Read this if all you really know about Kazakhstan and Central Asia can be summed up by the word “Borat”. I was never keen to explore the cuisine of this region until my other bib decided to go backpacking the region. I heard, through him via Lonely Planet, that the speciality of Kazakh cuisine was boiled sheep heads. And that the most esteemed guest would get to eat the eye balls?
That’s some custom…
When I went to this Central Asian restaurant-con-Irish-pub Cigansky Ray – this was a revamped restaurant, formerly called Dastarkhan, on the second floor of a local pub called Phibbers – down Liverpool Road, I bore that in mind. (Un)luckily, there was no sheep head or many of the dishes the menu promised to offer. Our lady waiter apologised for the lack of choices. Looking around, we were the only diners at the place and this shortage of dishes seemed a little less absurd. They’d probably feature the whole menu on their busy Saturday night where this place became alive with live music. Positive thinking, I could be as loud as I wanted. Nobody were there to glare at us!

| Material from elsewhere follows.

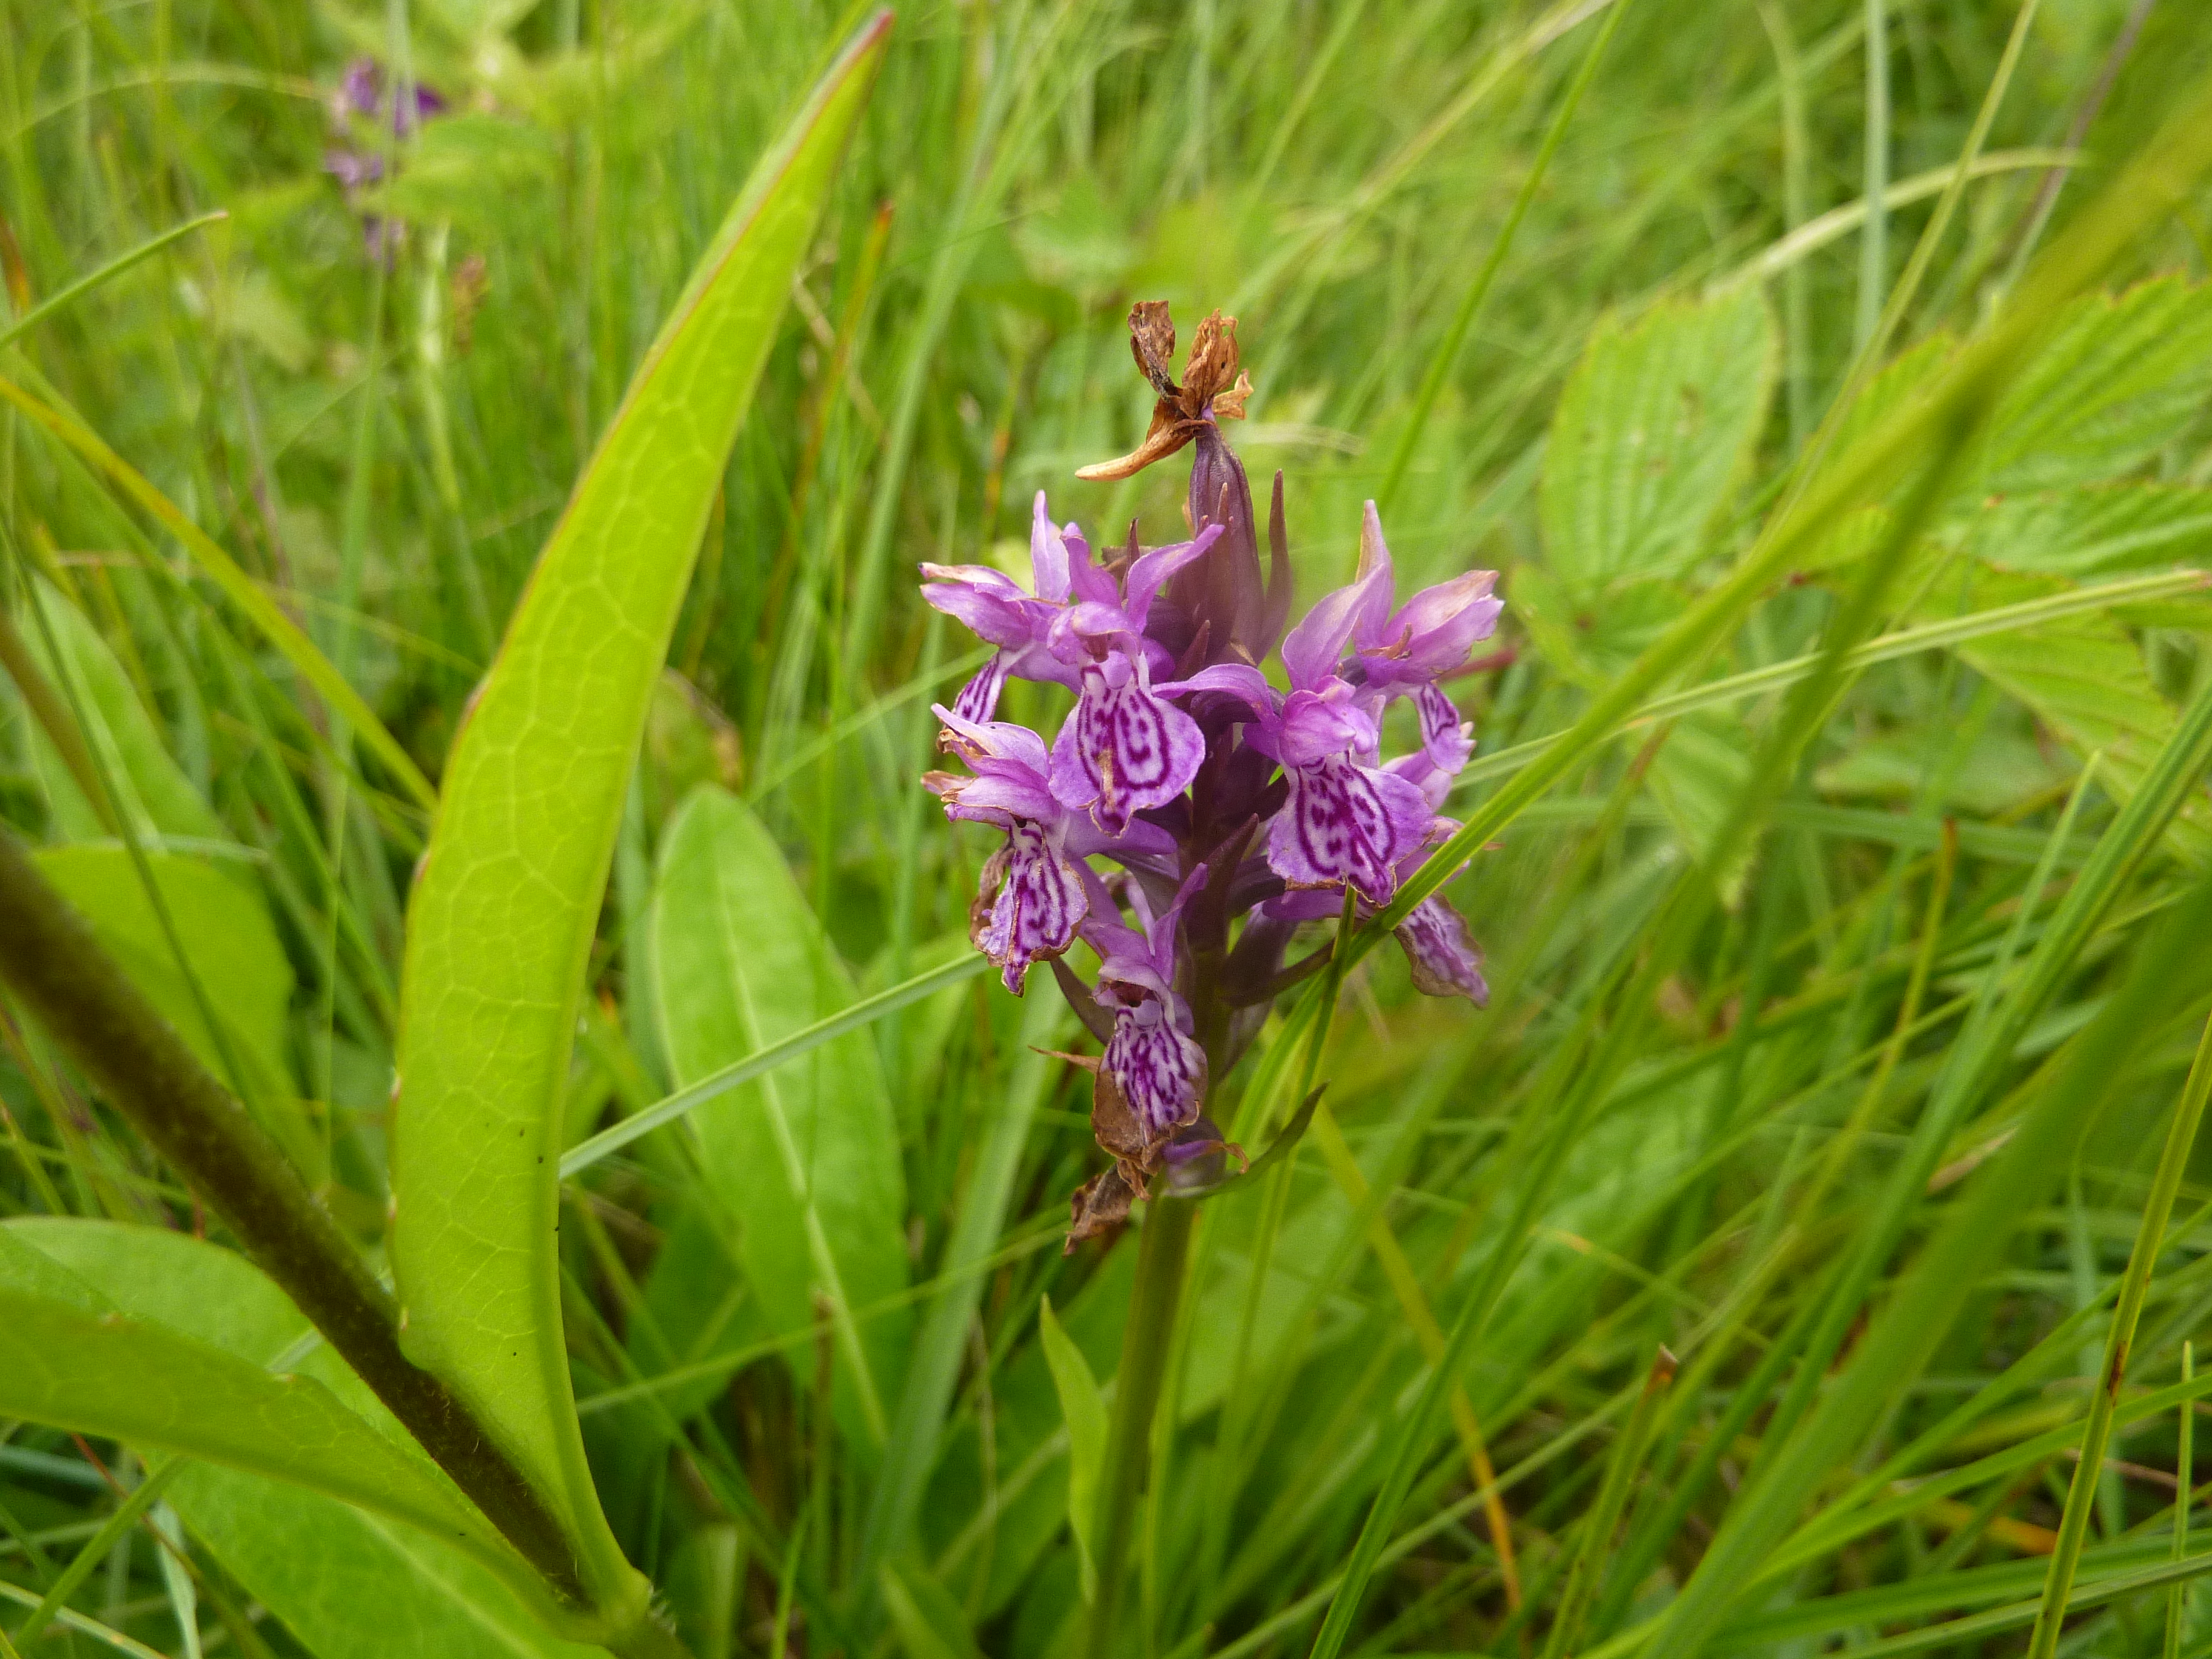 Early Marsh Orchid (possibly a hybrid), Malham, 12th July 2022

The menu was a mixed bag of Russian and Central Asian dishes. My bib had visited the place years ago and said it used to be more Kazakh. Never mind Russian, Lituanian and Uzbeks, I gave it all a go. Started with a bowl of Borsch and Siliotka Pod Subai. The Borsch was very rich, unlike the aromatic version at Kyrgyz Kazakh House Restaurant, thanks to the superb beef stock well married with the sweet note of the beetroot. Vegetables were nicely cooked, too. Siliotka Pod Subai, translated as Fish Salad, was a very interesting dish. It wasn’t a salad per se but layers of many things. Look-wise, it appeared a slice of cake with grated cheese on top. Smell-wise, it was like beetroot, fish and egg. Taste-wise? This was the very intriguing part. This little gateau was made of beetroot, pickled herrings, beetroot infused mayo and grated boiled egg!! The last ingredient was a real genius. I was totally fooled. Varying degrees of creaminess, paired well with the sweetness and the mild pickled flavour from the beetroot and the fish respectively.

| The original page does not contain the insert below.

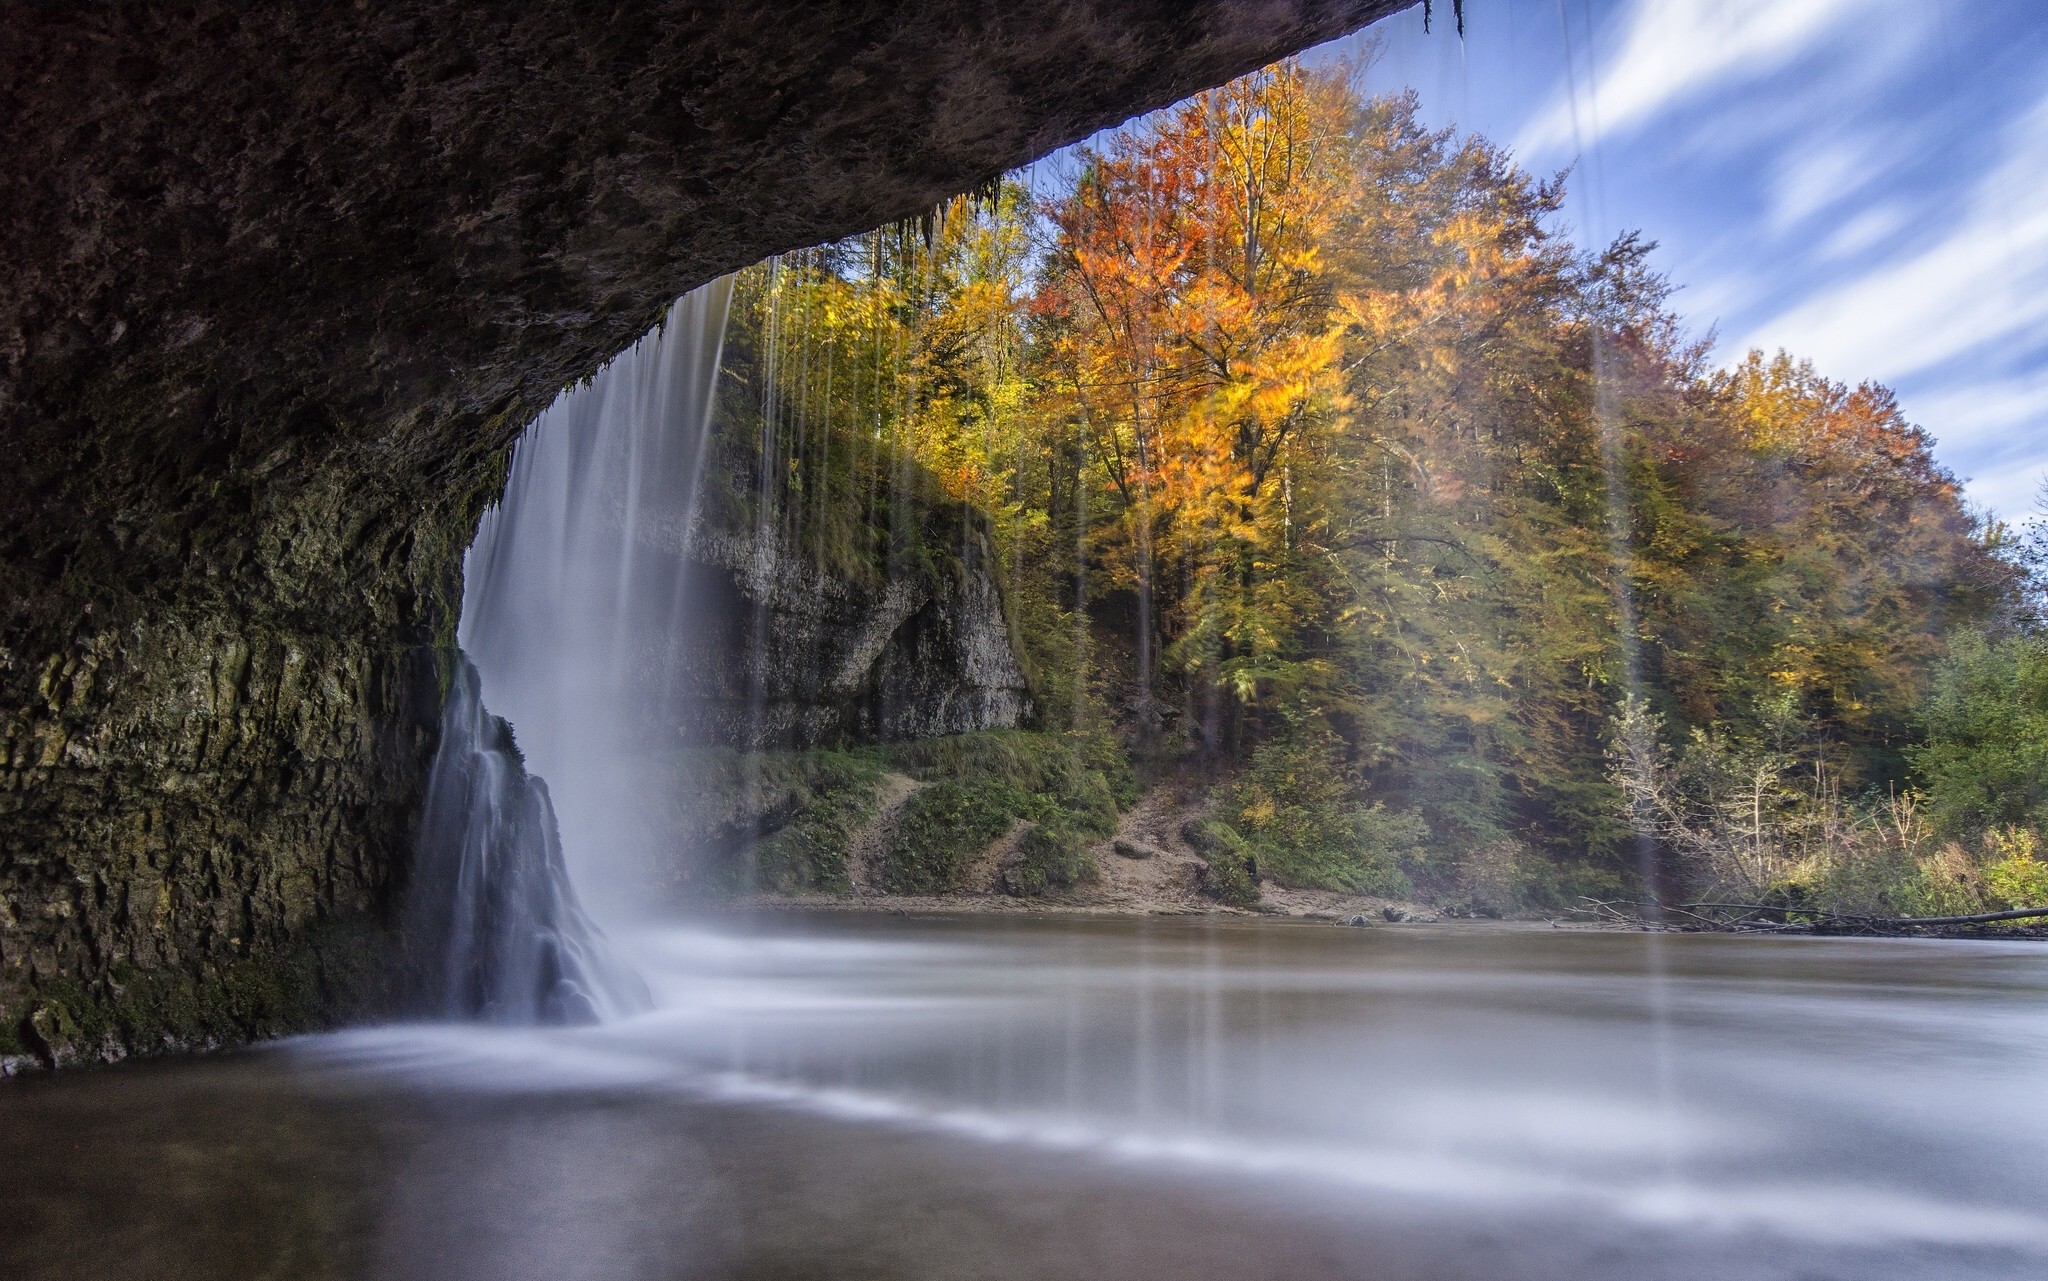 General 2048x1281 nature landscape water waterfall long exposure trees cave clouds

There was a massive time lapse before our main dishes arrived. Gulesas – my main I thoroughly enjoyed! – was a creamy pork stew dish served with rice and cucumber salad. Delectable flavour from the gravy. Quite onion-y sweet. I found it similar to Japanese cream stew. The pork cut into cubes was a few minutes too cooked but forgivable. My bib’s dish, Saslyk Baranina, is basically barbecued marinated lamb. I didn’t get to try but it looked rather appetising. As far as his comment went, the meat was well trimmed and tender. Not overpowering marinate.

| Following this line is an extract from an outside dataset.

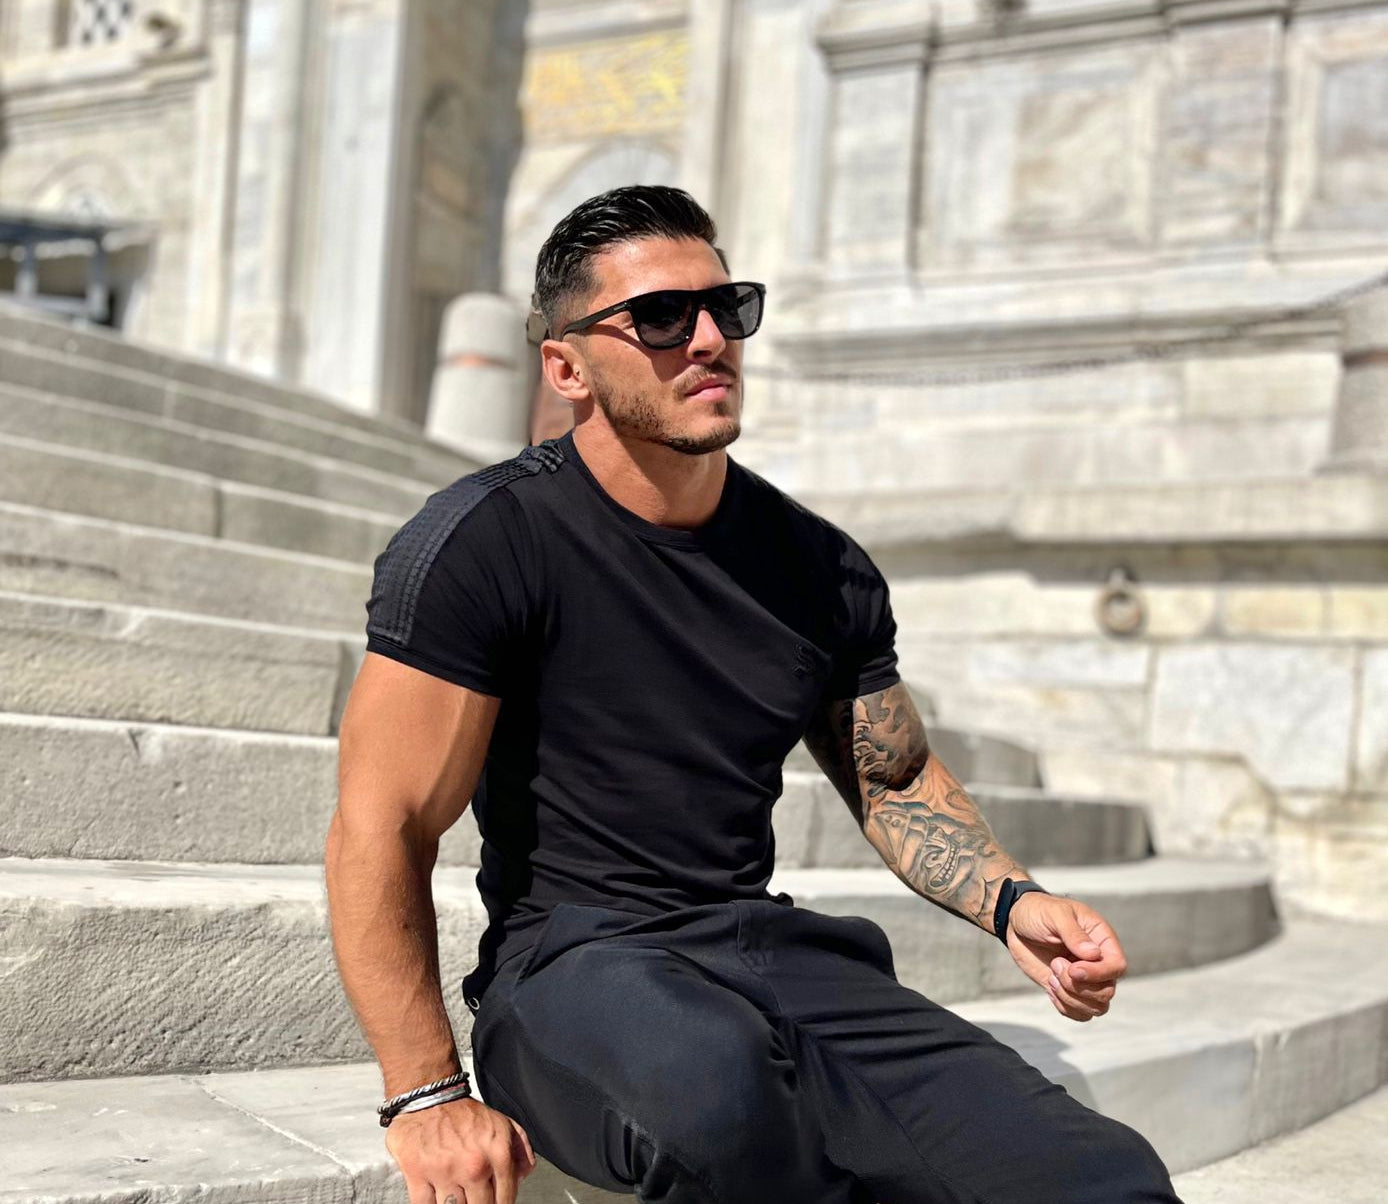 Cobra - Black T-Shirt for Men (PRE-ORDER DISPATCH DATE 25 DECEMBER 2021) - Sarman Fashion - Wholesale Clothing Fashion Brand for Men from Canada

There was a long gap and I decided to hop to get my waitress. Well, only to find her grazing on the food off the stove!!!!!! Sorry, melodrama aside, I realised that she was actually the house chef who served food also. Gosh, this must be hard. And minutes away I was picking on how slow the service was. Sorry, love! After some imaginary reconciliatory hugs, I asked for two portions of Chak Chak, which tasted home-made and fresh. A tweak on the recipe – say, adding some nuts – would make the dish brilliant.
The bill came to about £40. The food was hearty and would definitely remind you of home, providing you were from Central Asia. I enjoyed my evening and I would like to return perhaps on a busier night when my waitress-chef was cooking the whole menu and there were more than just two of us and the pub folk downstairs. Hope she’ll have somebody to help her out then! Before leaving, she was shouting to us “Большое спасибо” and we “very delicious”. Not sure if that was a conversation well understood?
My head rating says, “8 out of 10″.
My heart rating says, “7 out of 10″.